El libro cuenta también cuestiones técnicas y específicas del mundo digital: qué son los caños y los proveedores de internet, cómo se usa la tecnología para controlarnos, quién hace las leyes de internet, dónde están nuestros datos, quién y cómo los manejan, quién escribe los códigos que manejan nuestras vidas y cómo controlamos la información.

“La red no es un espacio neutral, la infrastructura determina los usos y las decisiones locales sobre la tecnología son sumamente importantes. La política necesita asesores tecnológicos interesados en la política, porque sino el espacio de debate se hace muy restringido”, sostuvo Zuazo.

“Estamos empezando a hablar de cuestiones que antes no hablábamos, tomando decisiones y cuestionando nuestras propias condiciones de producción.

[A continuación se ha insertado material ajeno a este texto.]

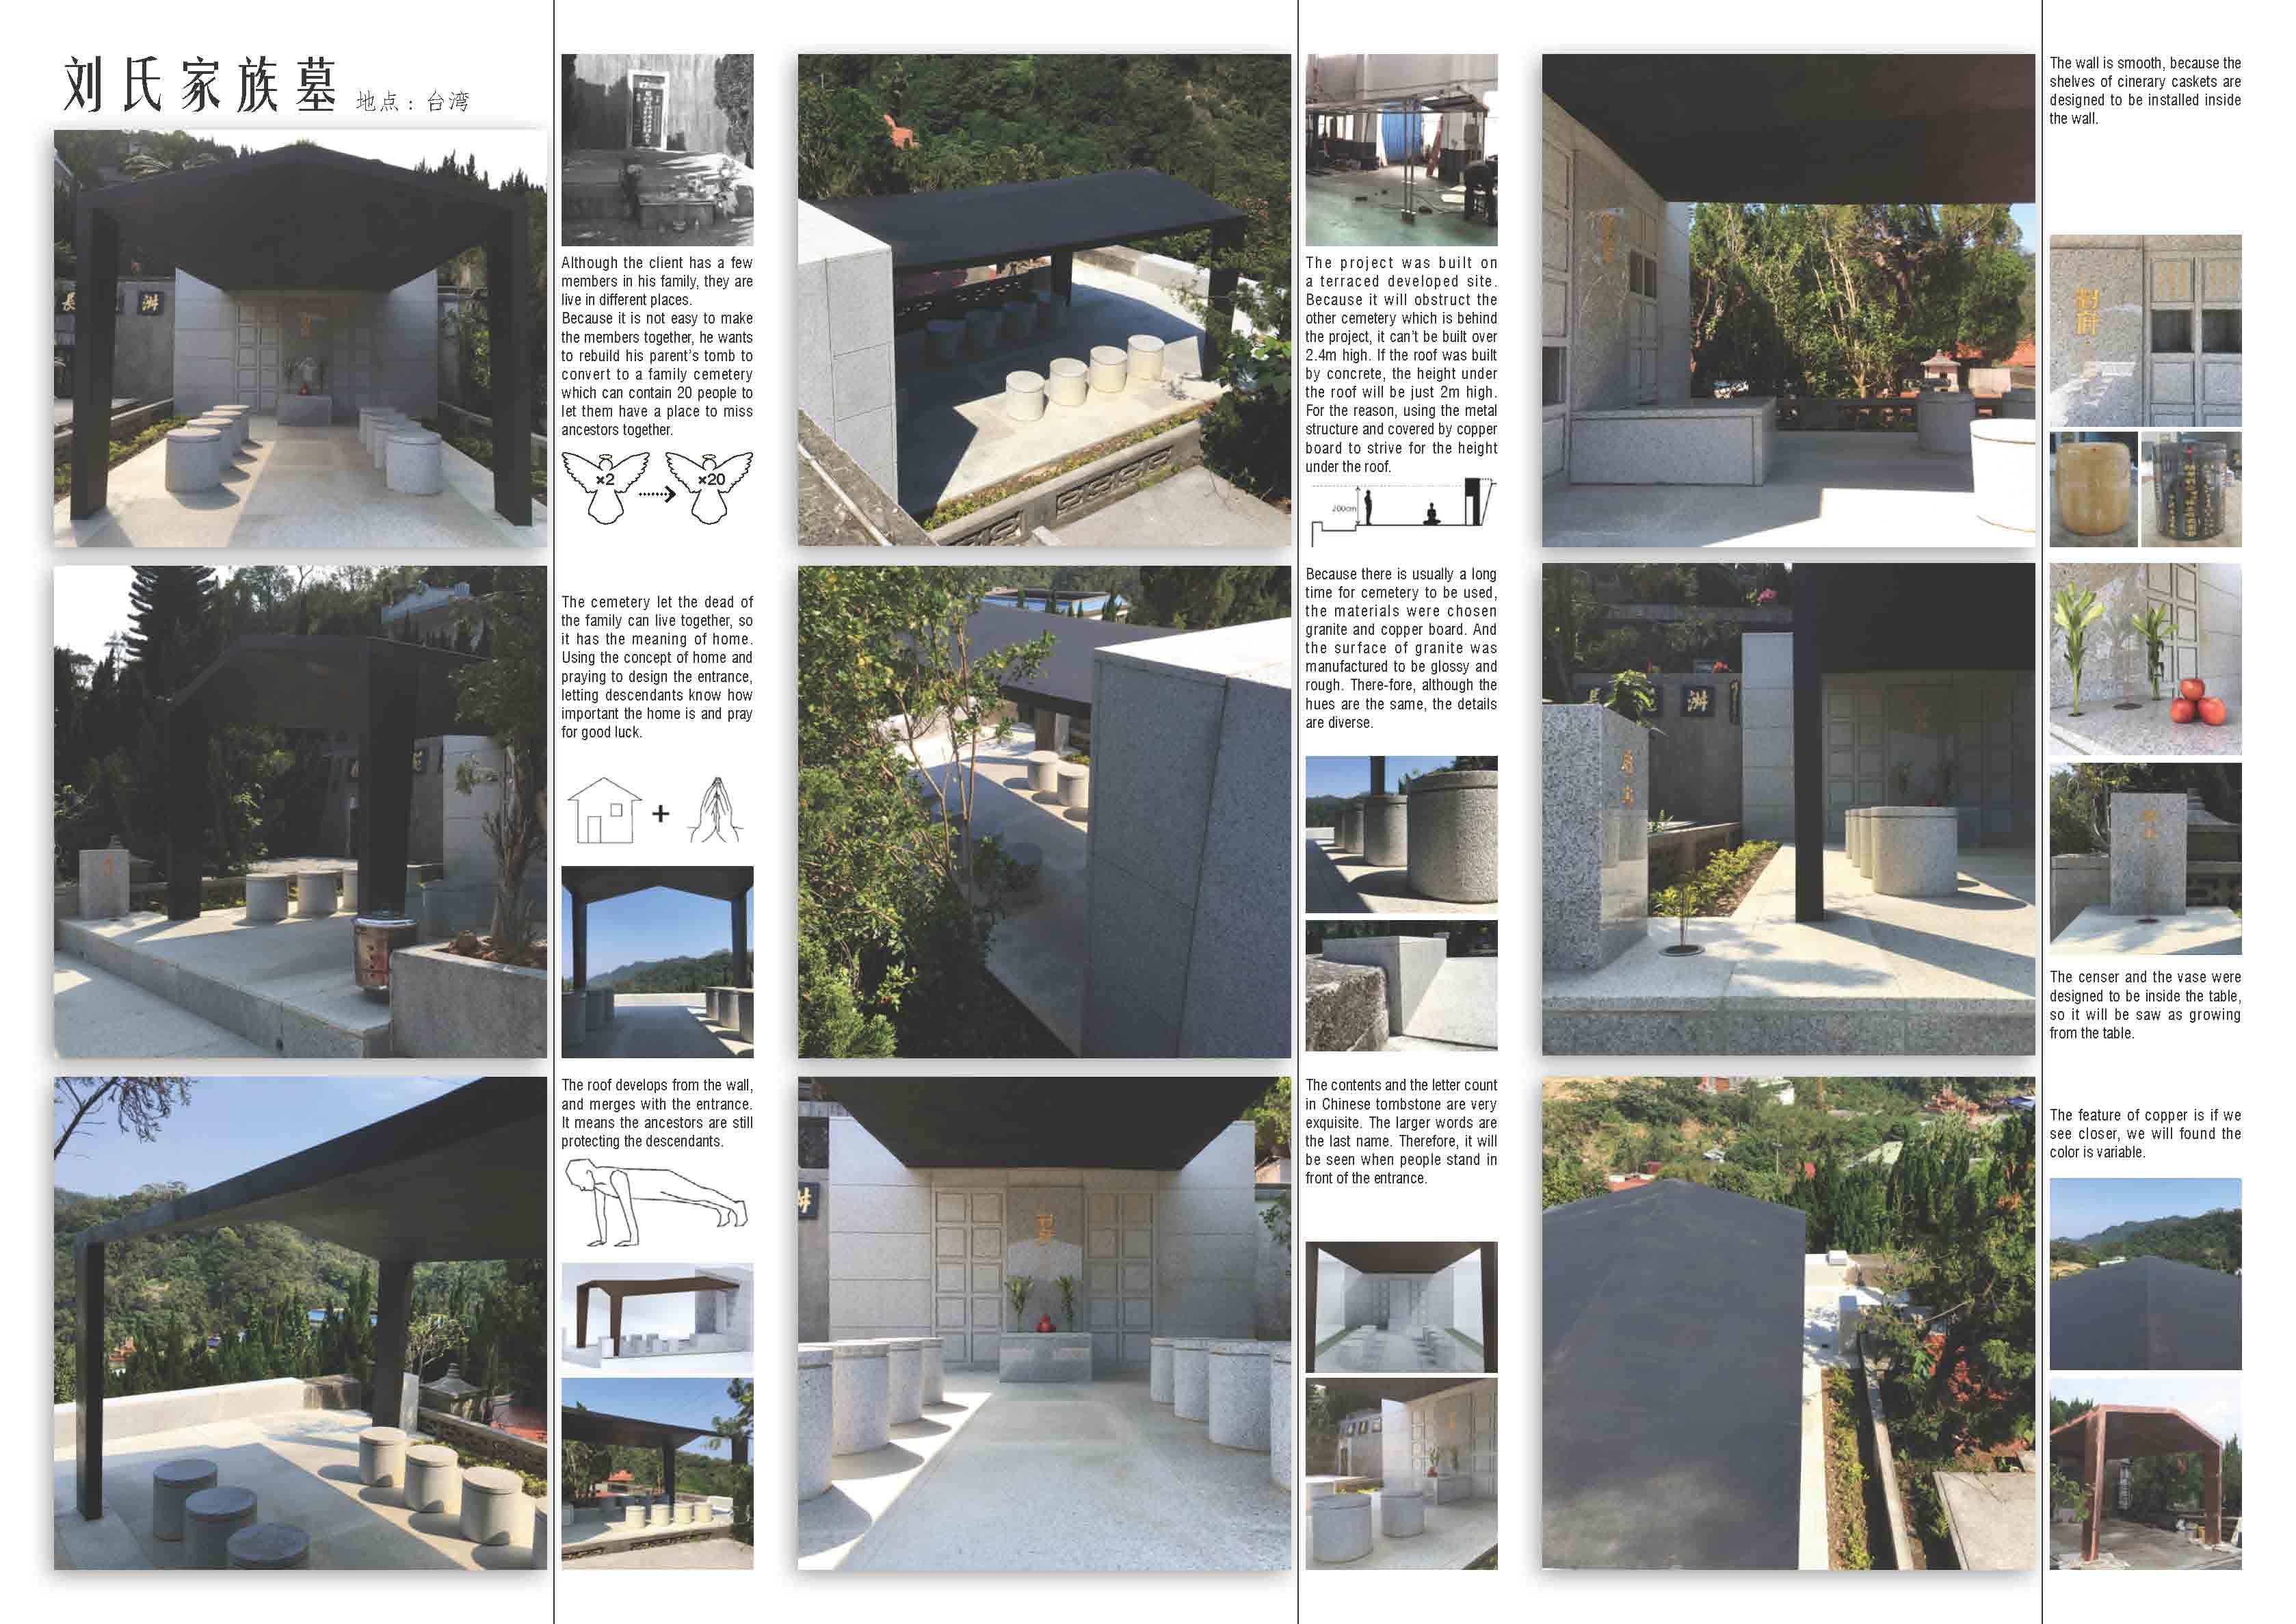 刘氏家族墓建筑设计

Y, en definitiva, eso es una forma de hacer política”, concluyó.

Por último, el comunicador y especialista en semiótica José Luis Fernández, realizó un análisis vinculado a la mediatización del sonido, relfexionando sobre las plataformas multimedias, relacionado a radios y música.

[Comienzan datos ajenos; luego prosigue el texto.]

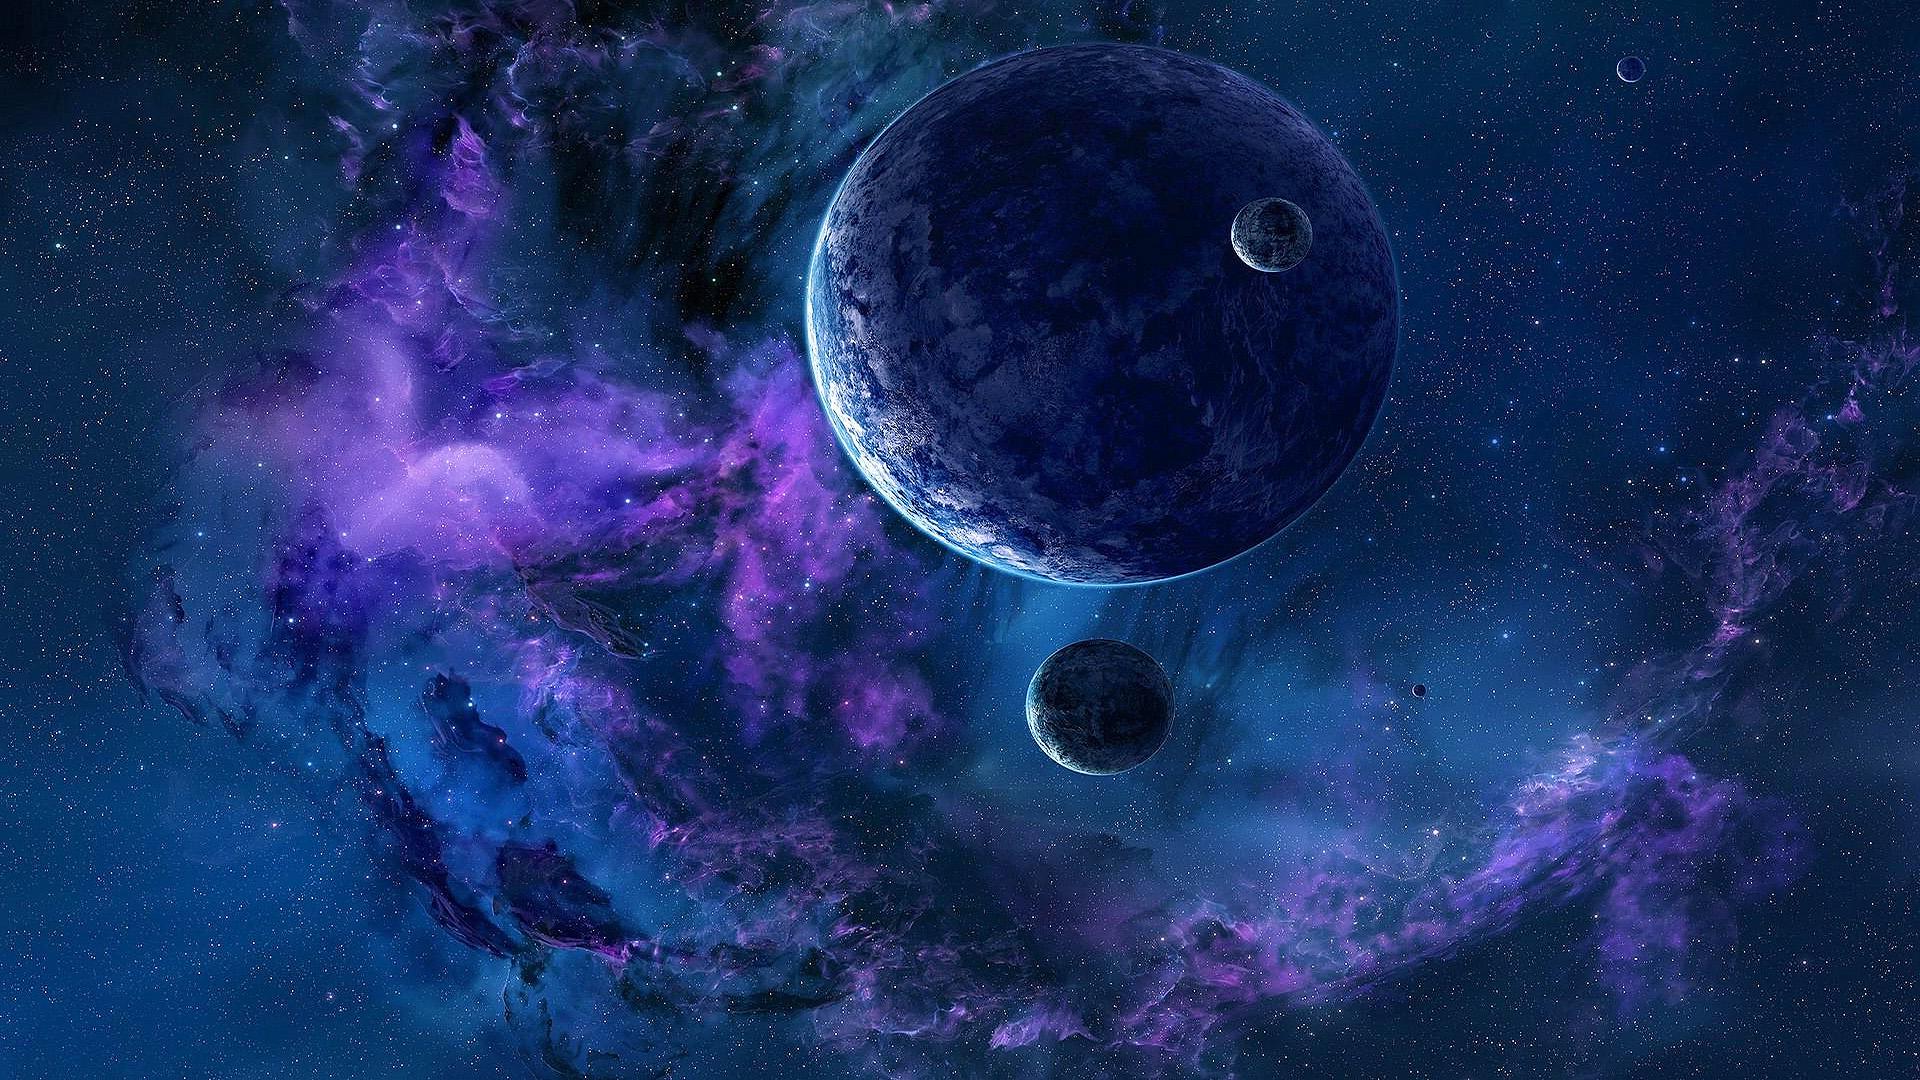 HDoboi.Kiev.ua - скачать обои на рабочий стол галактика, планеты, звезды, туманность вселенная, космос

“Ya pasamos el momento de fascinación por el acceso y la revolución tecnológica. Ahora estamos en un momento de tensión entre el networking y el broadcasting, donde la movilidad está en el centro de la escena y donde el centro de la escena tiene a lo colaborativo, desde el punto de vista de la producción y la fabricación de productos culturales. Hoy hay modos muy particulares y diferentes de pensar lo colaborativo en lo digital, sobre todo en la música”, sostuvo.

Además, afirmó: “El futuro es la construcción de lugares de oferta multimediática, multisoporte y multigénero. Las radios tienden a pegarse a ese modelo de radio expandida, donde la radio es una oferta gráfico-audiovisual”. En este marco, citó el caso de la radio y plataforma virtual Vórterix, que pasó de ser un modelo de grilla interactiva a uno audiovisual interactivo, donde lo importante es la interacción y la centralidad, y donde, sostuvo Fernández, “lo sonoro queda lateralizado”, deduciendo de esta manera la necesidad de “decidir un modelo de negocios o interacción, entendiendo primero el medio y las plataformas. No se debe responder con el sentido común de los verosímiles mediáticos, académicos o empresarios”.

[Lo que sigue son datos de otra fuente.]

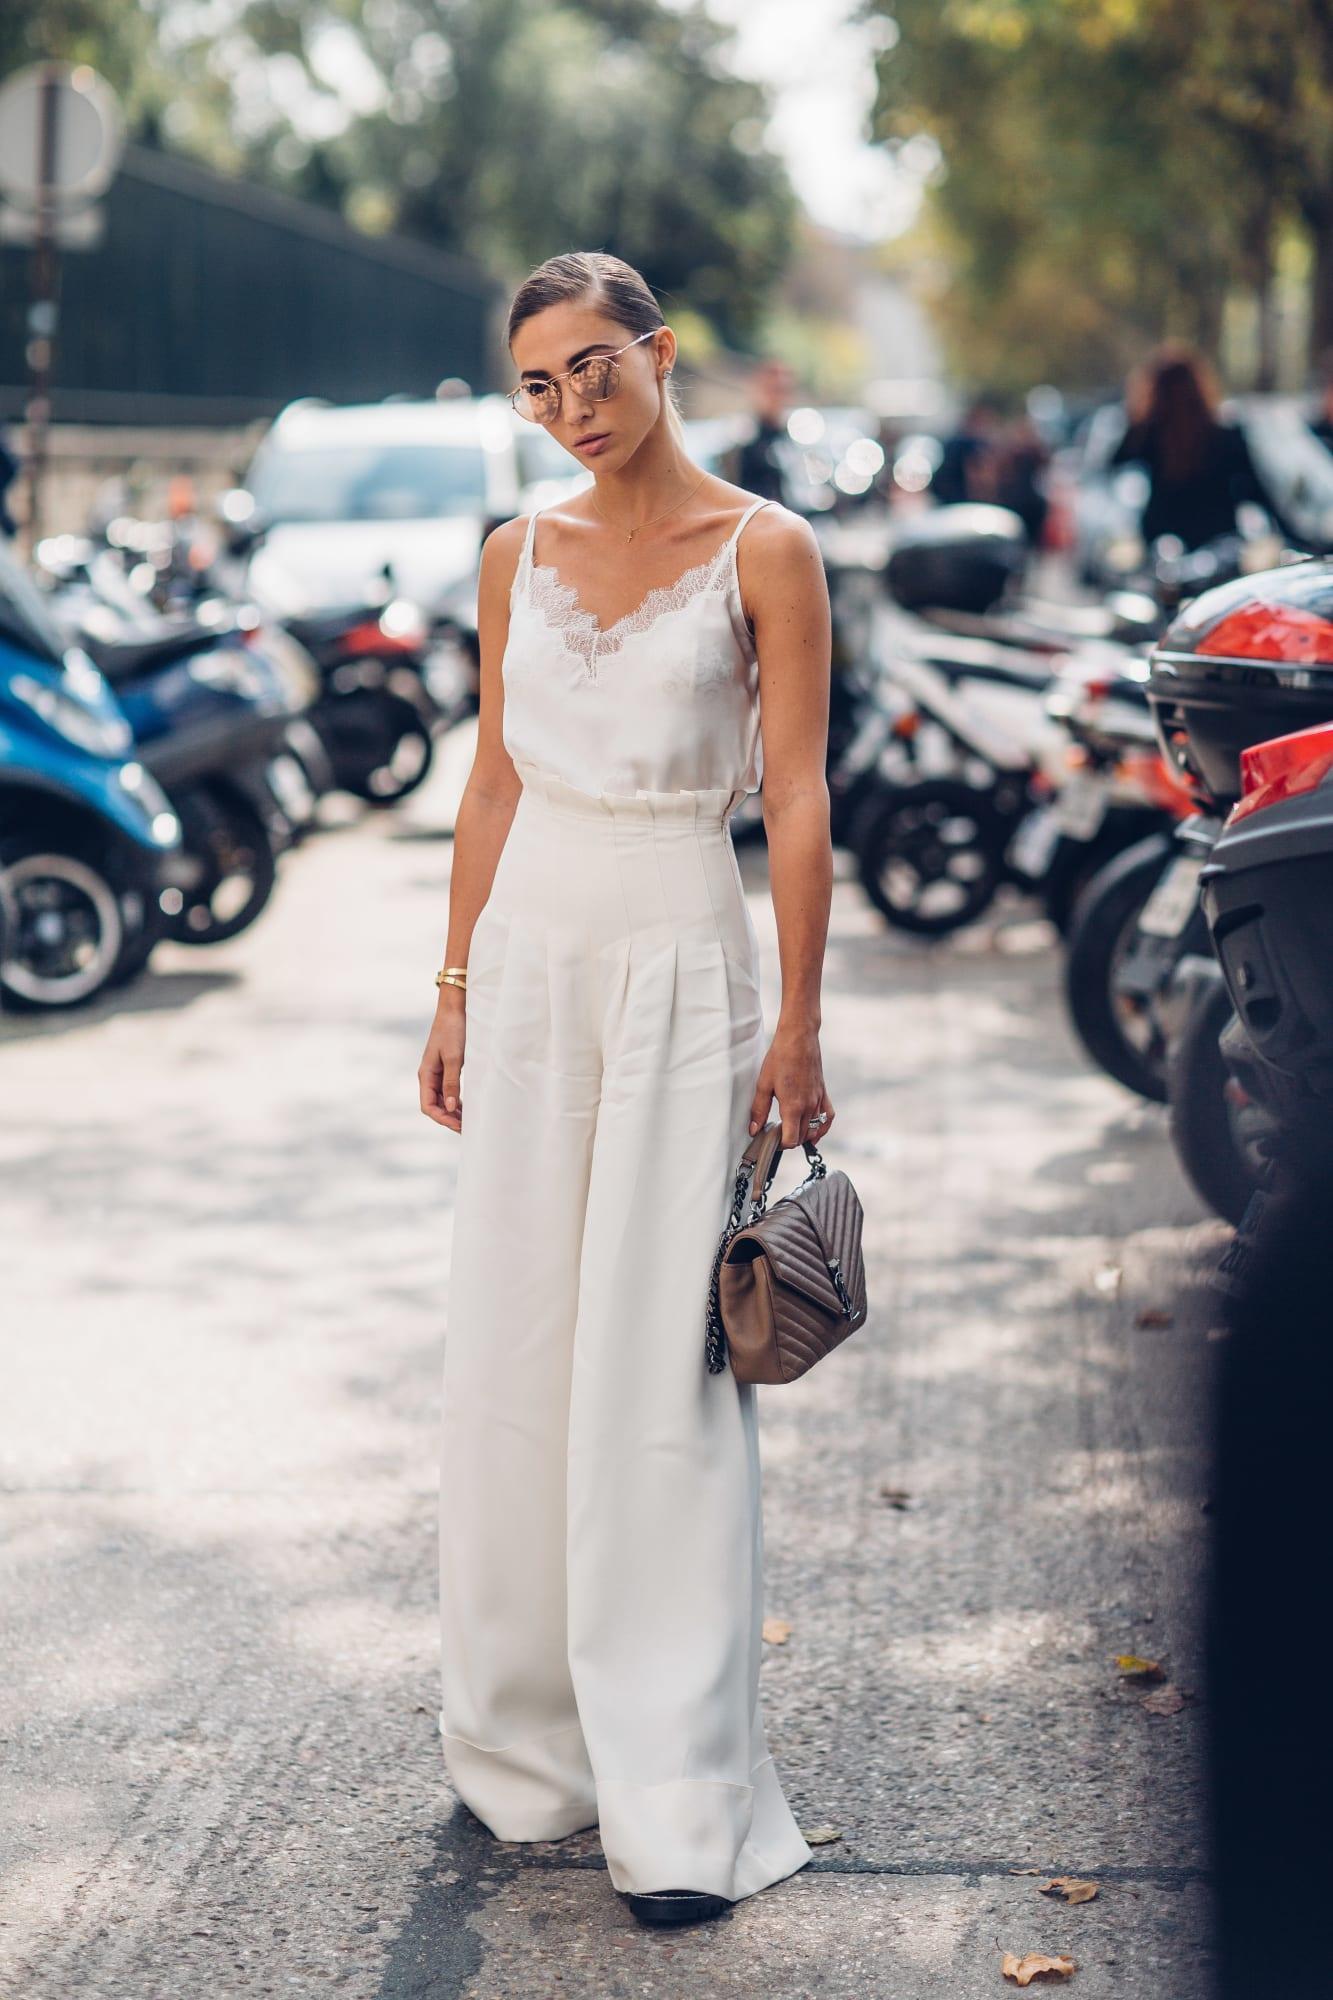 Quần tây nữ và áo camisole màu trắng

El Foro de Cultura Digital, organizado por la Dirección Nacional de Industrias Culturales, se propone reflexionar acerca de los problemas y desafíos que enfrentan las industrias culturales argentinas en la era digital y avanzar en la conformación de una agenda local que contemple tanto los derechos e intereses de los usuarios de internet, como los de los productores culturales.

La inscripción a las charlas es gratuita, hasta agotar la capacidad de la sala, y se realiza desde el micrositio del programa Cultura Digital: digital.cultura.gob.ar. El encuentro también puede seguirse en vivo por streaming desde las páginas web del Ministerio de Cultura de la Nación, del CCK, y del programa Cultura Digital.